Overall, Moncler has seen rising energy demand, but has also made strong and consistent progress in increasing its reliance on renewable energy—mitigating the environmental impact of its growing consumption.
In 2023, Moncler disclosed detailed information on the sources and generation technologies of the energy it consumed. This disclosure enables a clearer assessment of the Moncler's overall energy mix, its sourcing strategy, and its reliance on fossil fuels versus cleaner alternatives such as renewables and low-carbon technologies.
In 2023, Moncler's total energy consumption was primarily sourced from
In 2023, Moncler consumed energy from 4 different sources or generation technologies, indicating a highly concentrated energy mix, with Electricity (Unspecified Source) alone accounting for 77.46% of total consumption.
In 2023, Moncler reported total energy inflows of 157,100.4 Gigajoules, which corresponds to the company's full energy needs, including energy consumed, redistributed, sold, or stored.

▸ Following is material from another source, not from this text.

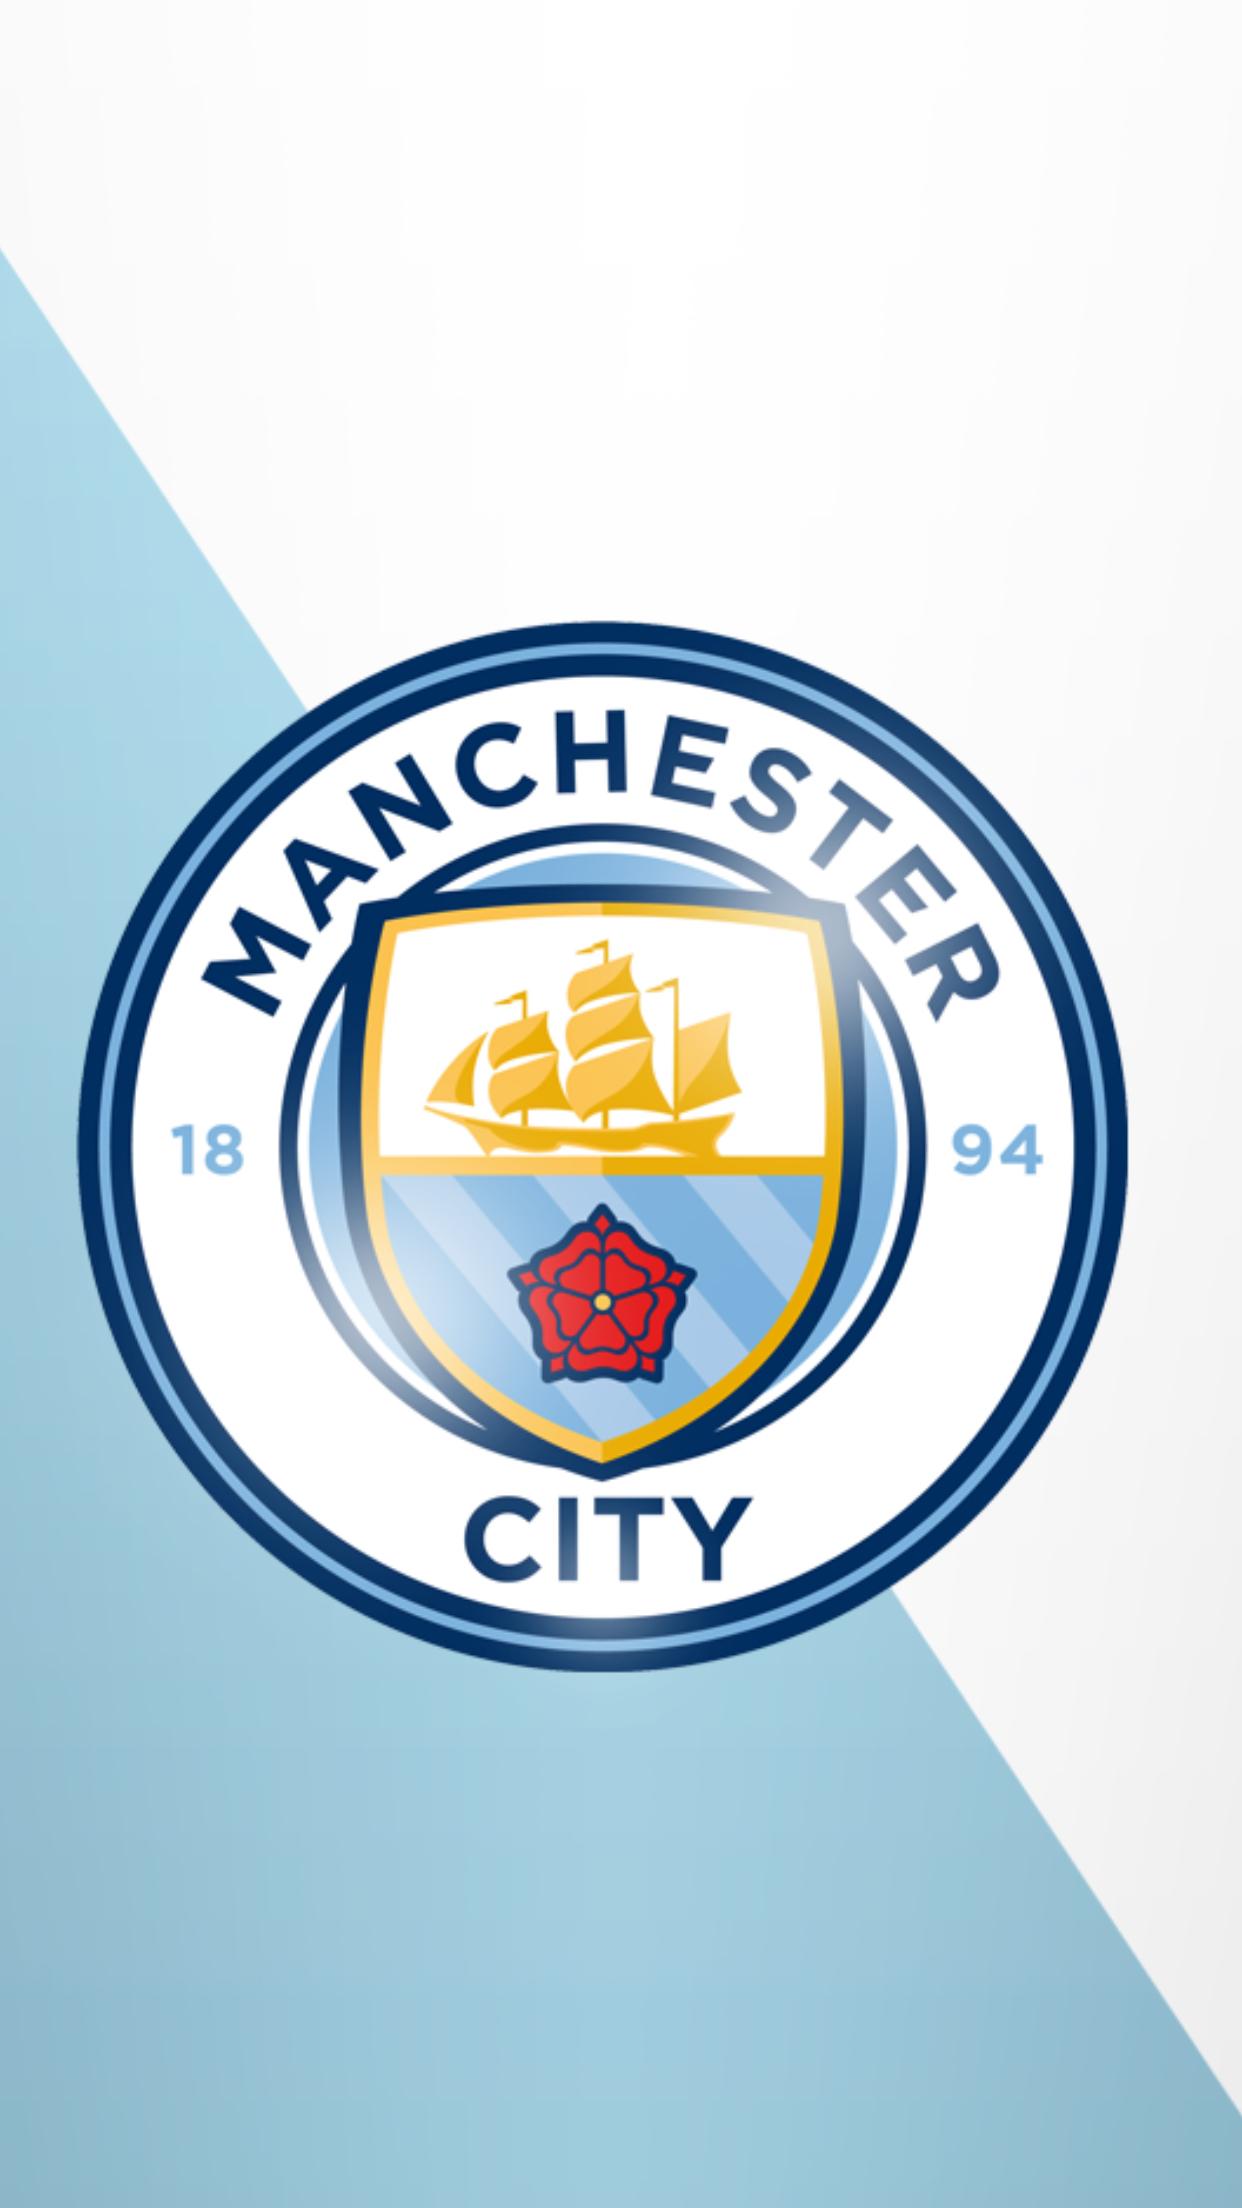 75+ Manchester City Logo Wallpaper on WallpaperSafari

This energy inflow was composed of 154,760.4 Gigajoules purchased from external suppliers and 2,340 Gigajoules generated through internal production. This corresponds to a production share of 1.49%, reflecting a 78.03% percentage point increase from the previous year (2022) and a 144.43% percentage point increase since 2021.
Moncler has steadily improved its production share over the years, though the most recent figures show a leveling-off. This plateau may indicate that the company has reached a temporary equilibrium between produced and purchased energy, or is consolidating gains before pursuing further expansion.